Only the lines below from the one containing "Маска для волос" through the one containing "chicago-fine-art-wedding-photography-horney" belong in the answer, repeated exactly and without pictures.

• PROVIDED DATA:
-=-=-
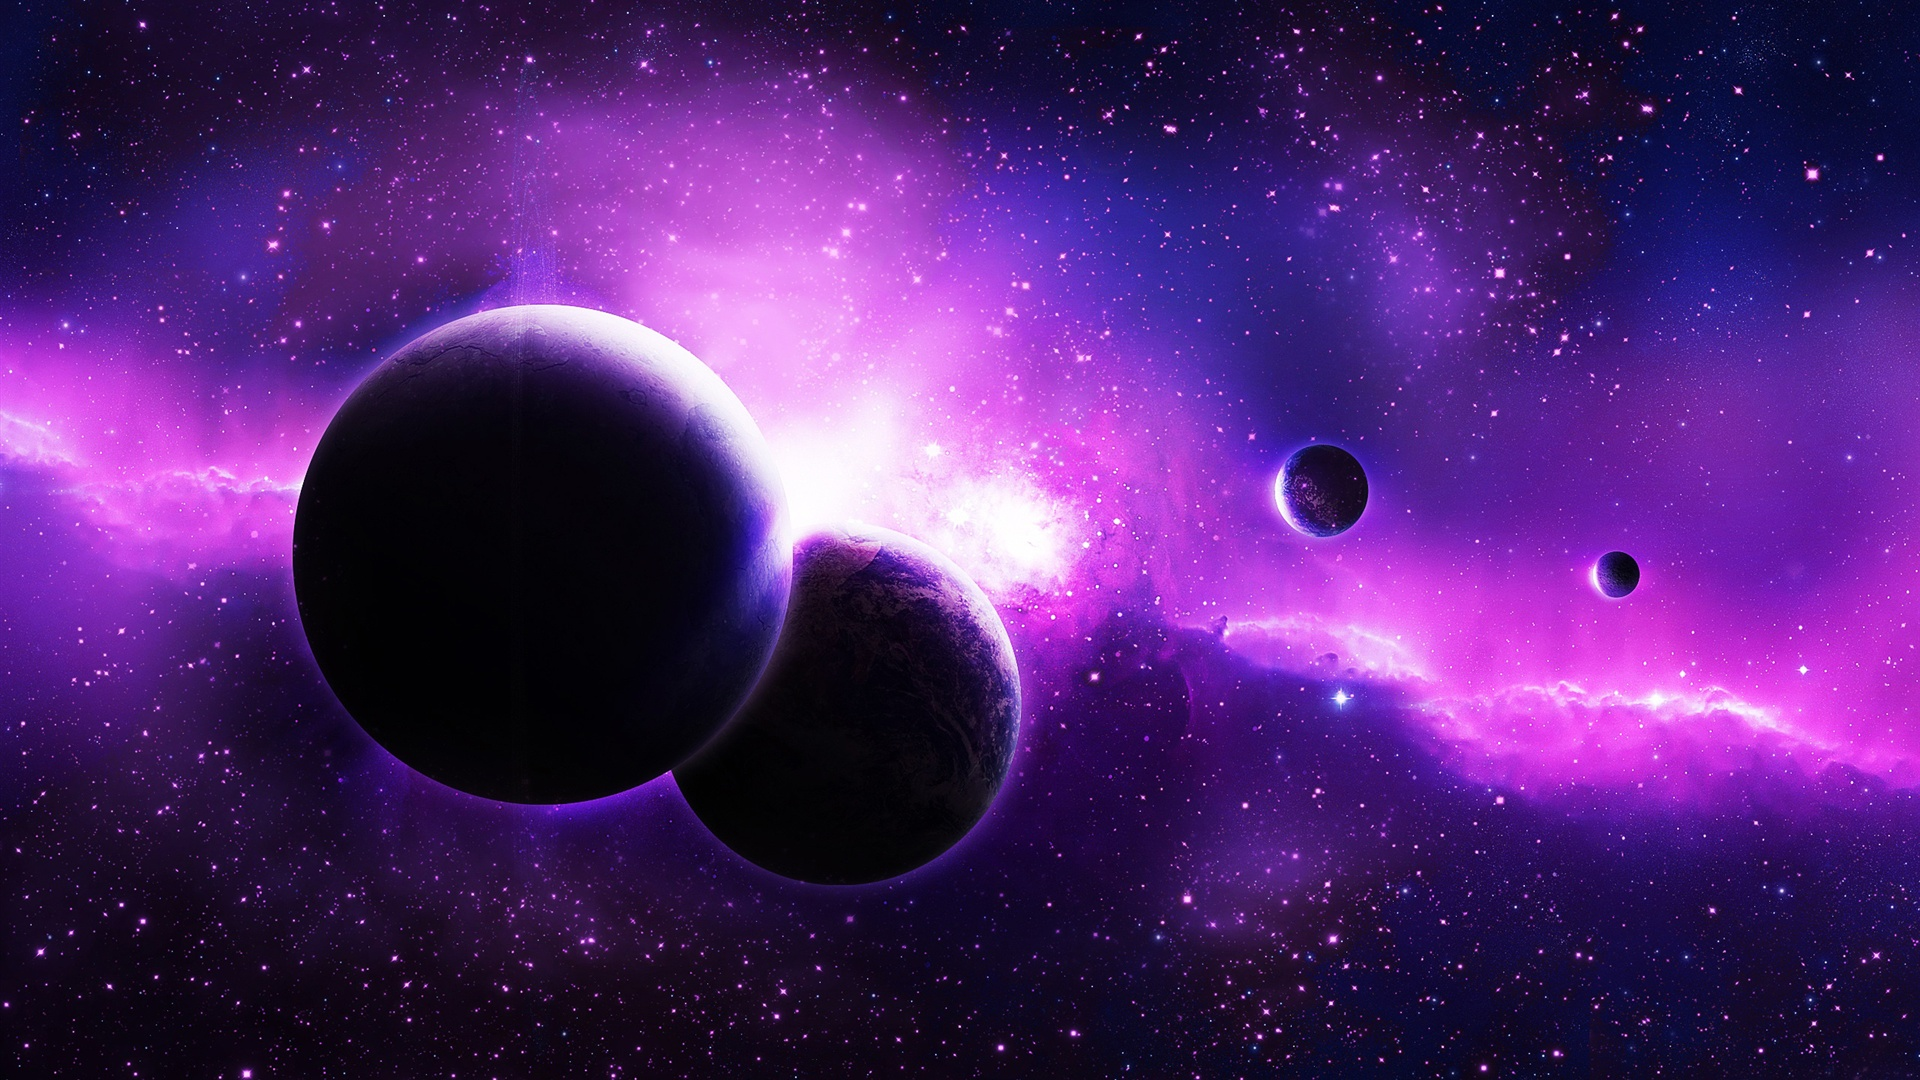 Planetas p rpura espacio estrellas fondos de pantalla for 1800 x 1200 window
-=-=-
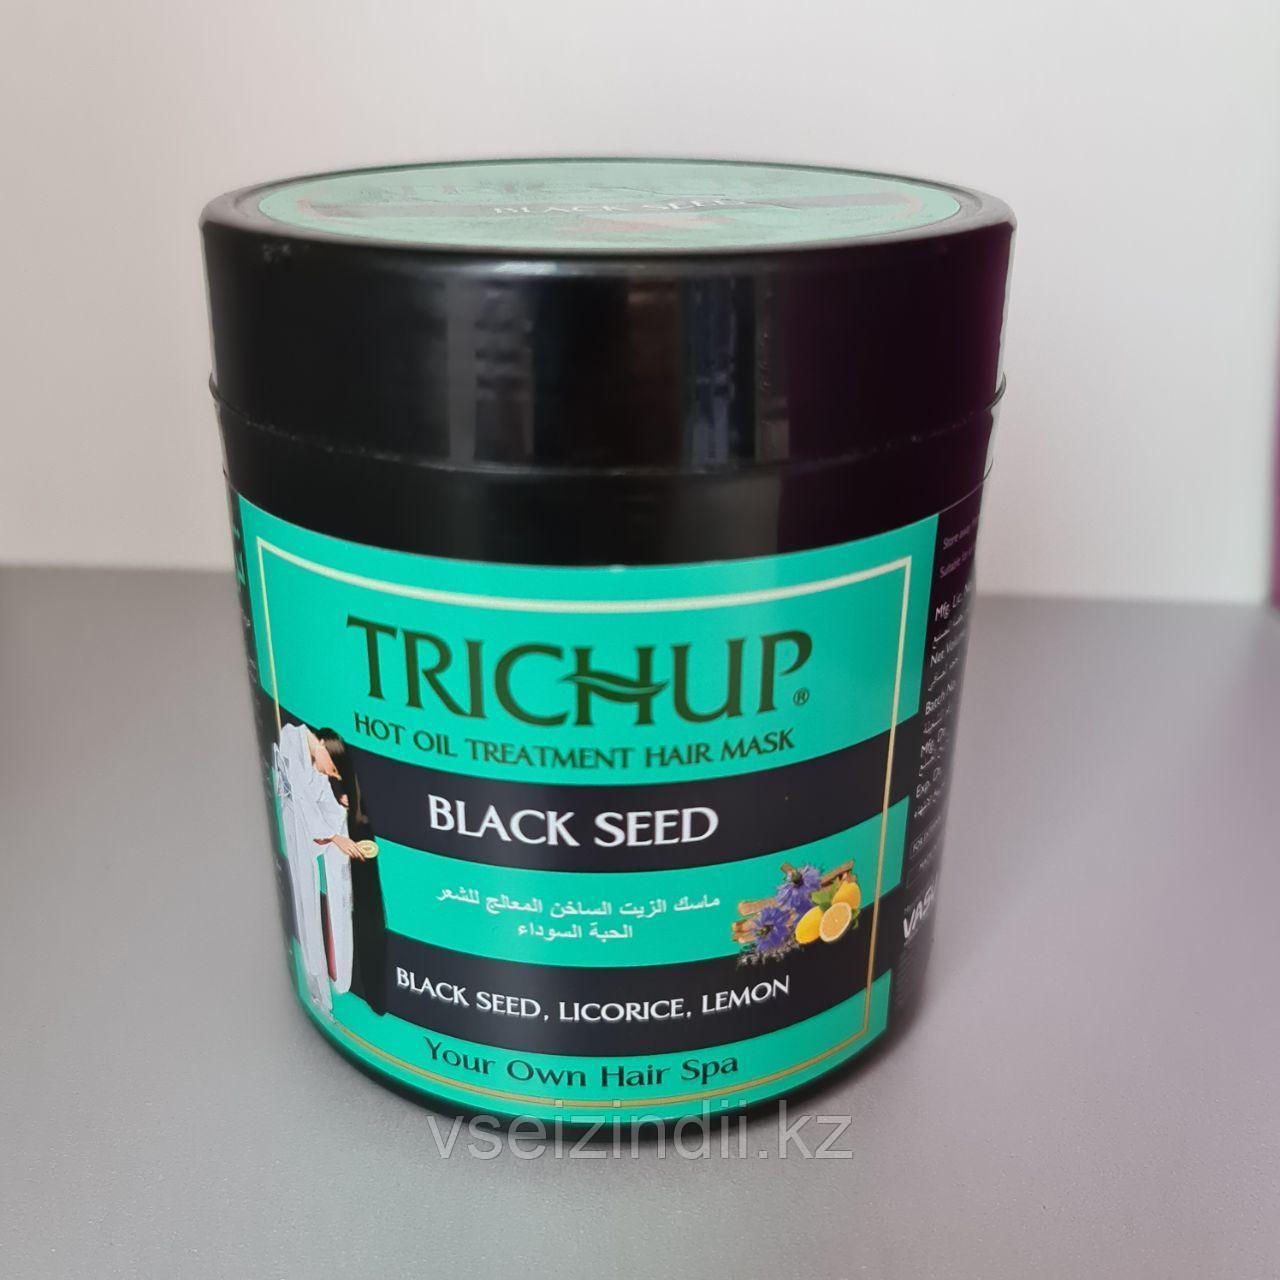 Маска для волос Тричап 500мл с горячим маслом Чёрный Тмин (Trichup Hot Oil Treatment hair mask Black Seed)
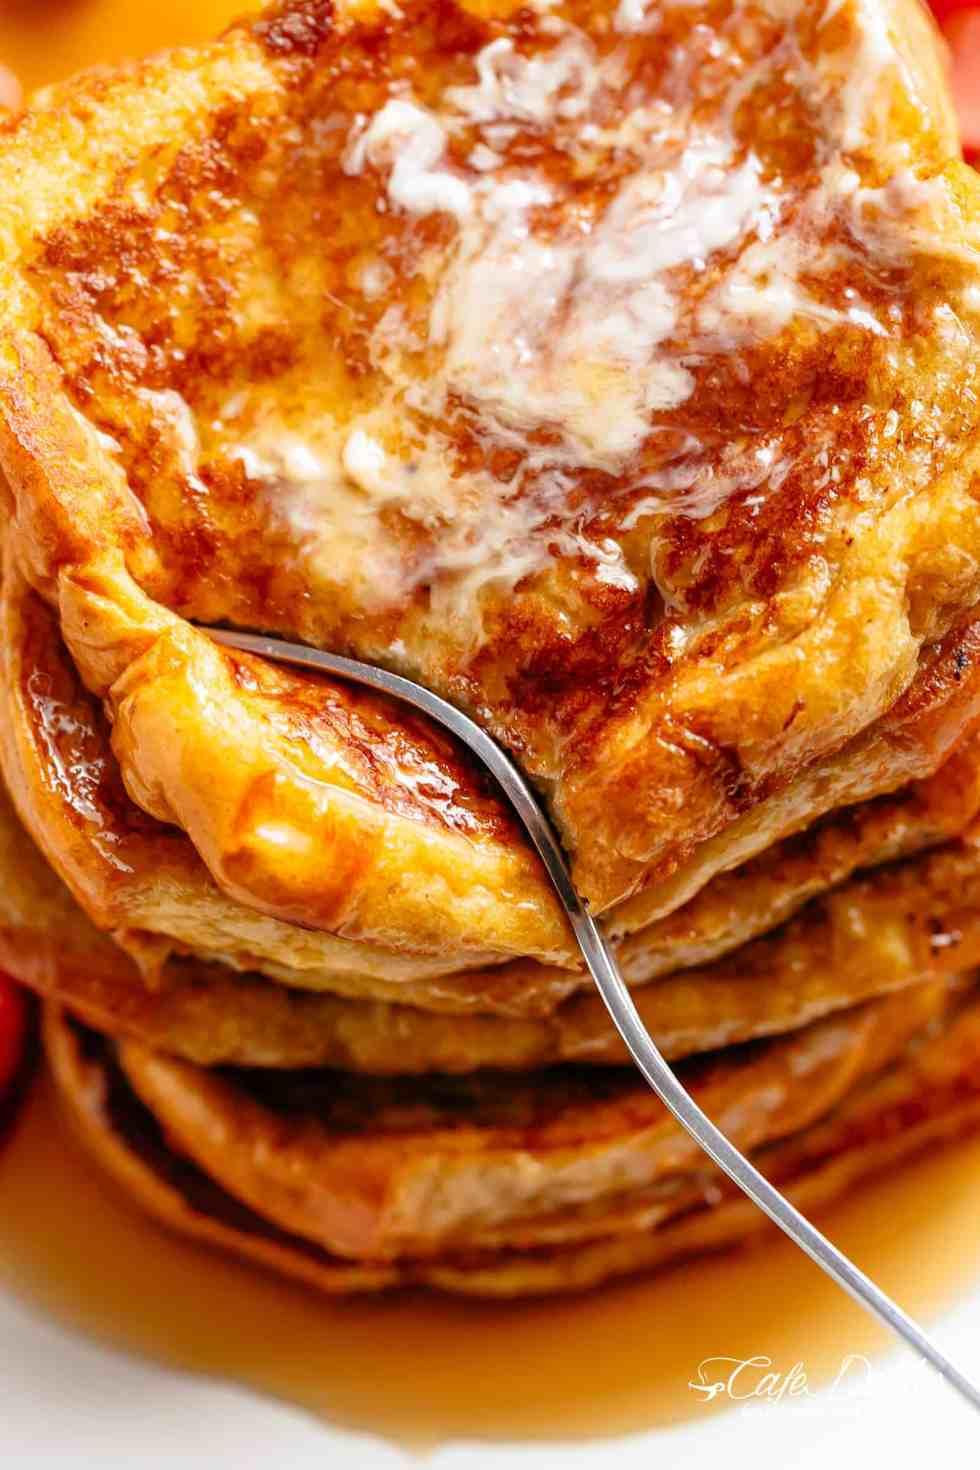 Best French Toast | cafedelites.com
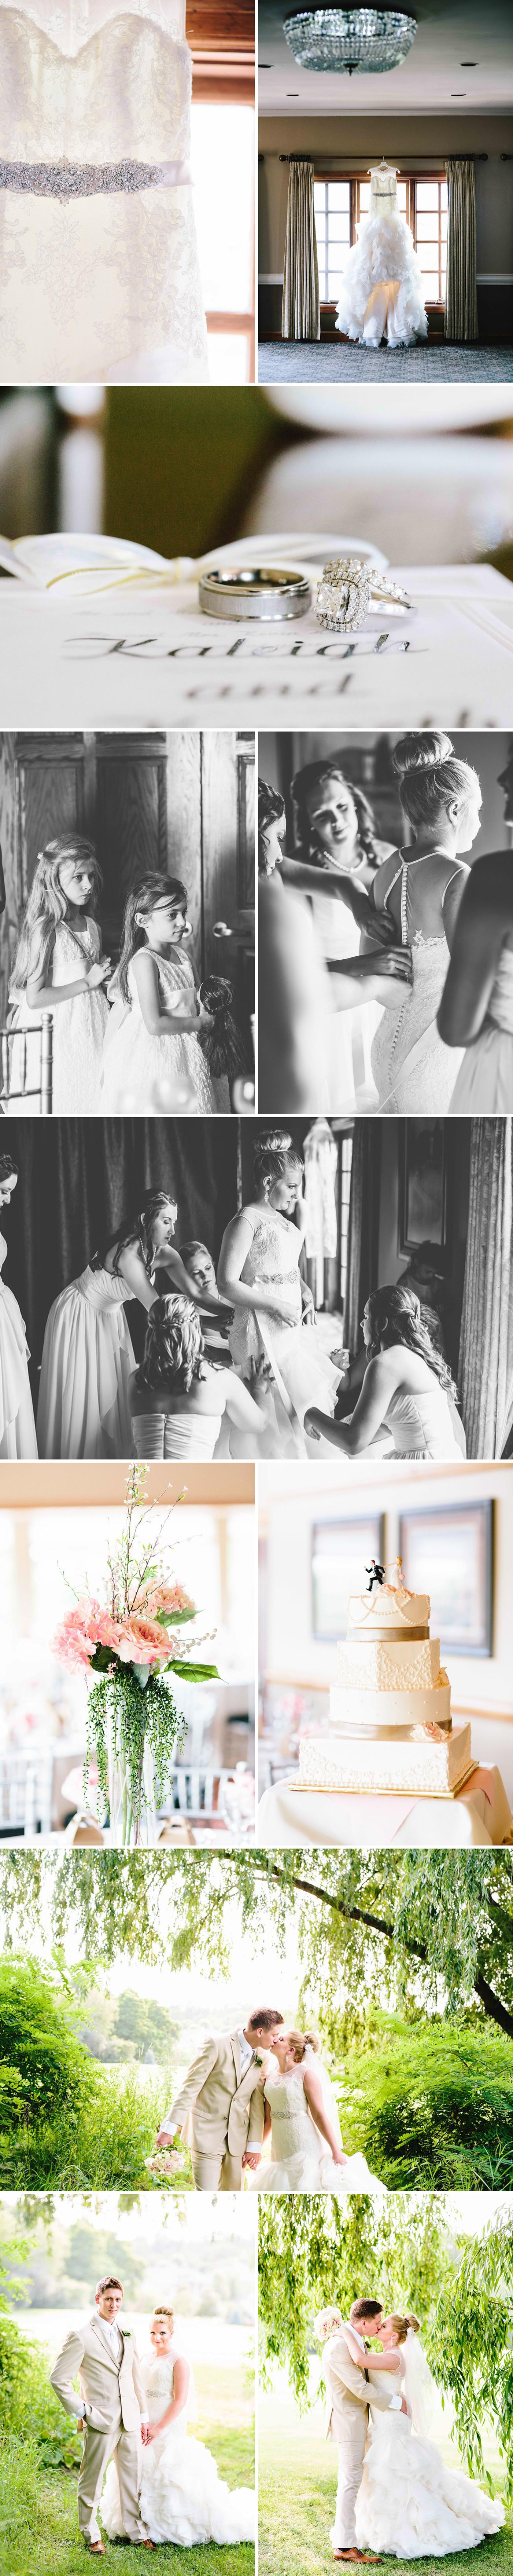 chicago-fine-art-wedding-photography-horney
-=-=-
• REPLY TO THE TASK:
 Маска для волос Тричап 500мл с горячим маслом Чёрный Тмин (Trichup Hot Oil Treatment hair mask Black Seed)
 Best French Toast | cafedelites.com
 chicago-fine-art-wedding-photography-horney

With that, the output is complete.